Still focused on him, I unleashed a verbal barrage. "I am so fucking tired of your mouth, your vile, stupid behavior. Your lies. Go ahead, say something, try to hit me. If you say one more word or do anything but raise your fork to eat, I'll blow your brains all over this kitchen. Nod if you understand."
My father, not daring to look at me, nodded as instructed. When I was satisfied he fully understood I was dead serious, I returned to my seat, placing the gun beside my plate where I could quickly reach it if needed.
Looking my father directly in the eyes, I started, "Now, we are going to have a peaceful family dinner without the bullshit and the hate always being spewed at this table. Not a word—everybody eats, and you can all get up when I say so. And if you're thinking of calling the cops, consider this—I'll tell them about all the abuse, and if that doesn't turn things my way, I'll share the Polaroids I found in your desk." Out of the corner of my eye, I caught my mother's expression darkening at the mention of the photos; there was no way she knew about them, but I'm sure there would be an interesting discussion later tonight. I'd removed them and hidden them where he couldn't find them. The very mention would ensure he got no ideas about calling anyone.
Not even 16, I found myself in an impossible situation. I had reached a breaking point after enduring prolonged abuse, and in that moment, I learned how to assert control in a household where I had none.

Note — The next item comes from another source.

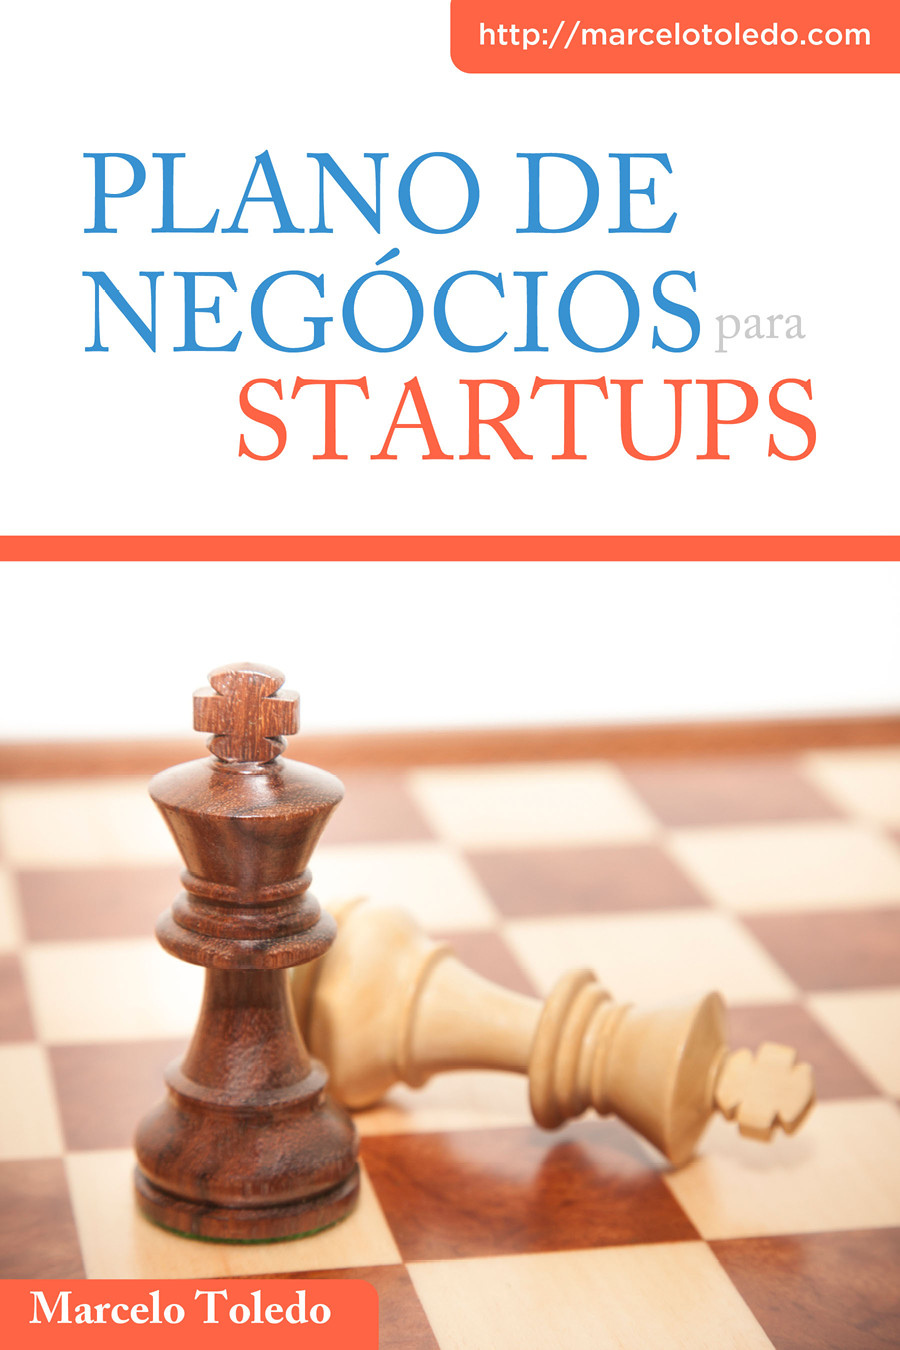 Download Plano de Negocios para Startups Marcelo Toledo em epub mobi pdf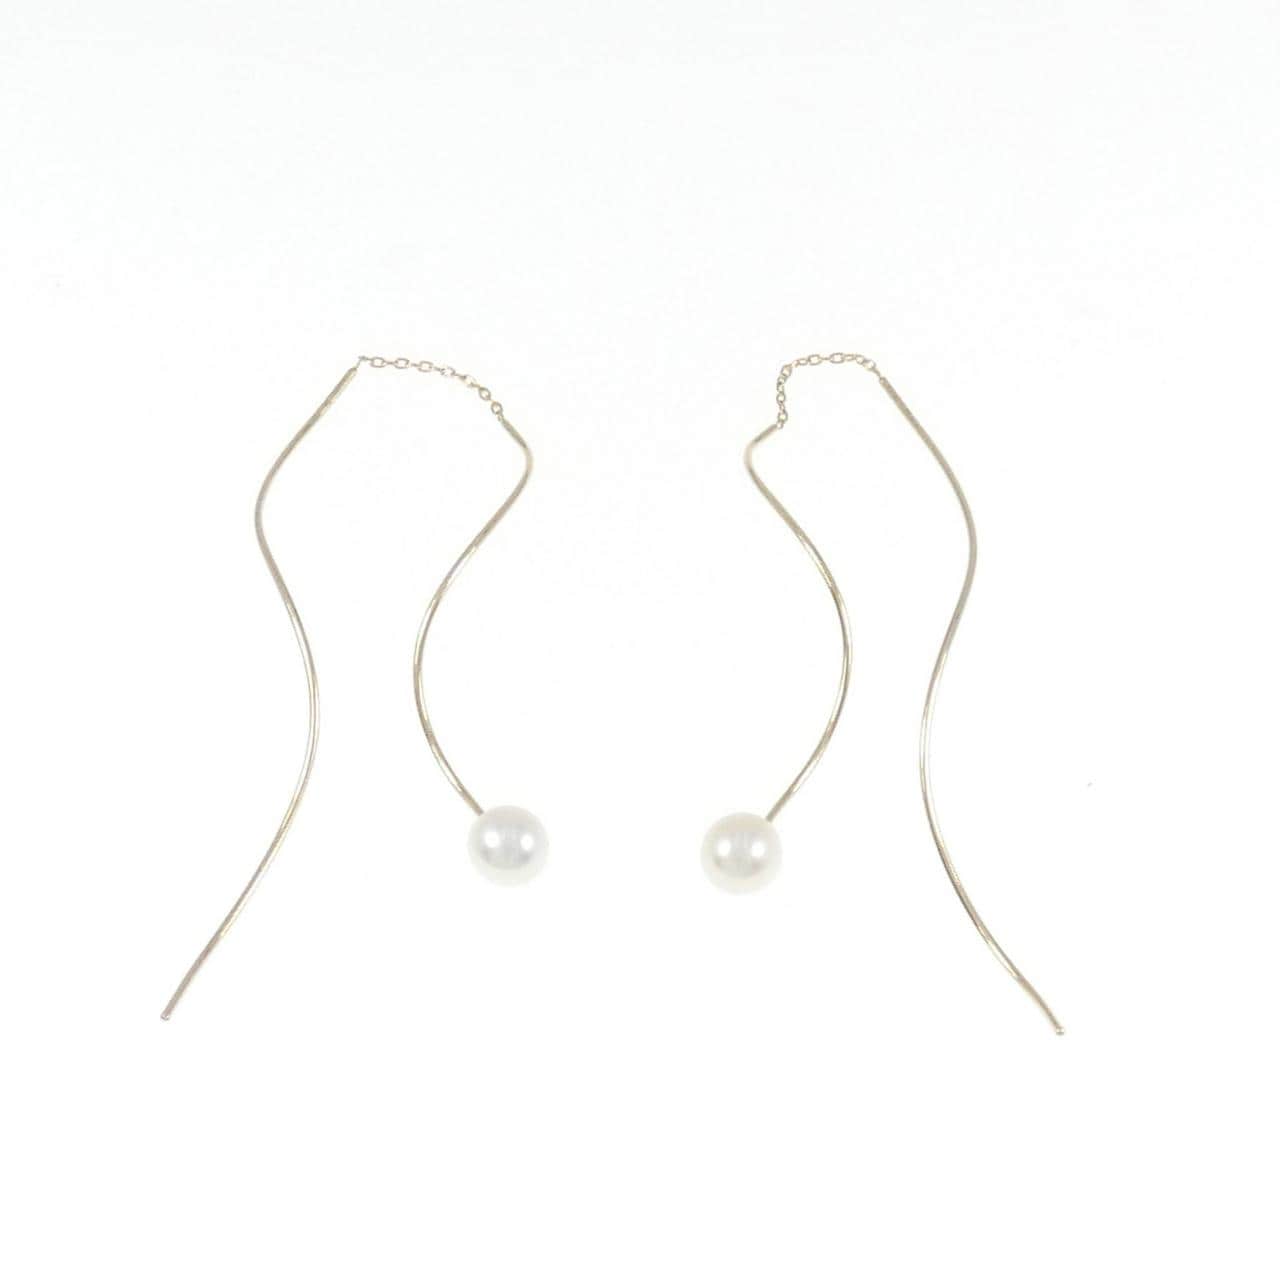 Tasaki freshwater pearl earrings 5.8mm

The fact that I am still reflecting on this at age 71 shows the profound impact it has had on my life. Our confrontation symbolized both desperation and empowerment. I didn't pull the trigger, which indicates that even in my most desperate moment, I chose the better path. Instead, I used the threat to set boundaries and protect myself and possibly my siblings. Maybe not the way my therapist would have preferred I do it, but I wasn’t even 16 yet and much of my behavior was influenced by my trauma. From my 71-year-old point of view, I feel relief that I didn't commit an act that would have drastically changed my life. I wonder how escaping my home soon after this event shaped my development, relationships, and opportunities. If I had pulled the trigger, my life would have gone in a completely different direction—probably involving juvenile detention, criminal charges, and the psychological weight of taking a life, even one that harmed me. Pulling the trigger would have fundamentally altered my education, career, relationships, and sense of self.
Today, I believe my biggest takeaway is that I found the courage to leave shortly after this confrontation. That decision to escape rather than escalate to lethal violence was a crucial choice that preserved possibilities for my future.



Bless the child who suffered so. Glad you made it out of that horrific situation before you pulled that trigger. That would have meant your father winning in the end as you destroyed the rest of your life. What courage it had to take to share that episode with your readers. Please take good care of yourself.
Thank you for sharing this. I did not expect it to end as it did. I thought for sure you had taken up writing in prison to deal with the trauma you endured. I’m glad you did not pull the trigger.